Although quintessential, information media diversity is currently under threat. Threats emanate from different parallel yet interrelated trends: (1) concentration tendencies in the media with content consequences; (2) possibilities offered by digital technologies to reuse and redistribute existing content through different channels; and (3) possibilities offered by IP address-based technologies to target content at specific audiences. Consequently, the old logic that used to govern the media, that of ‘representative diversity’, that gives a proportional representation of social groups in society, is no longer sufficient. Given a diversified media production and differentiated audiences, a new, more elaborate and better equipped paradigm through which diversity is obtained and stimulated, is needed.

 

This is why we introduce a novel normative rationale that we label ‘responsive diversity’. Rather than being a reflection of society, the notion of responsive diversity assumes that the media hold a mirror to society, pointing at the critical function of news media. In the context of responsive diversity, journalists are not only critical of their sources but also, if necessary, of their audiences by taking them out of their ideological comfort zones.

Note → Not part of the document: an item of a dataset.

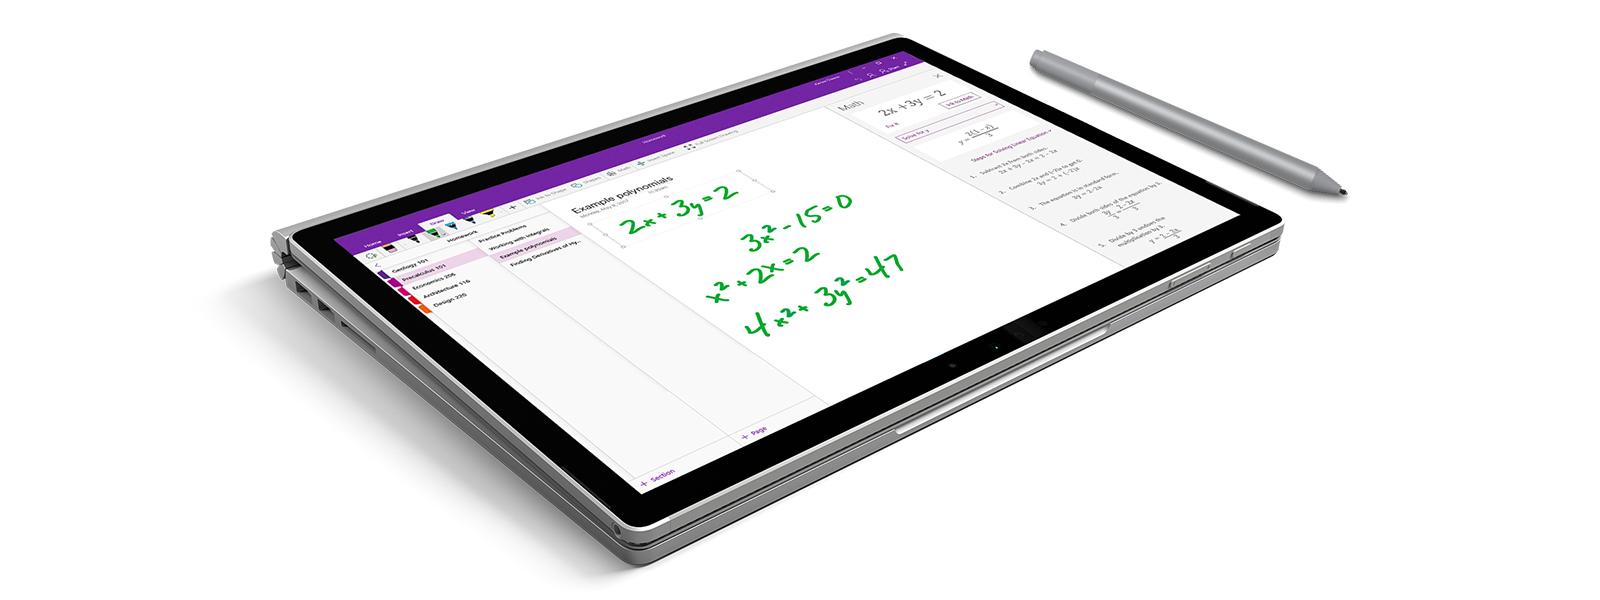 Copie d'écran d'OneNote montrant l'Assistant Équation manuscrite

This can be achieved through dialogue with and among news media users. As such, the connective function of responsive diversity takes shape.

 

The overall scientific aim of this project is to develop, substantiate, operationaliSe and implement the notion of responsive diversity. The new rationale for media diversity will be elaborated in the normative WP of this project proposal. The guidelines developed in this normative WP will also feed into the development of practical tools that will support the implementation of responsive diversity by three types of actors: (1) policy makers and regulators, (2) media professionals, in particular journalists, and (3) end users of media outputs and their representatives.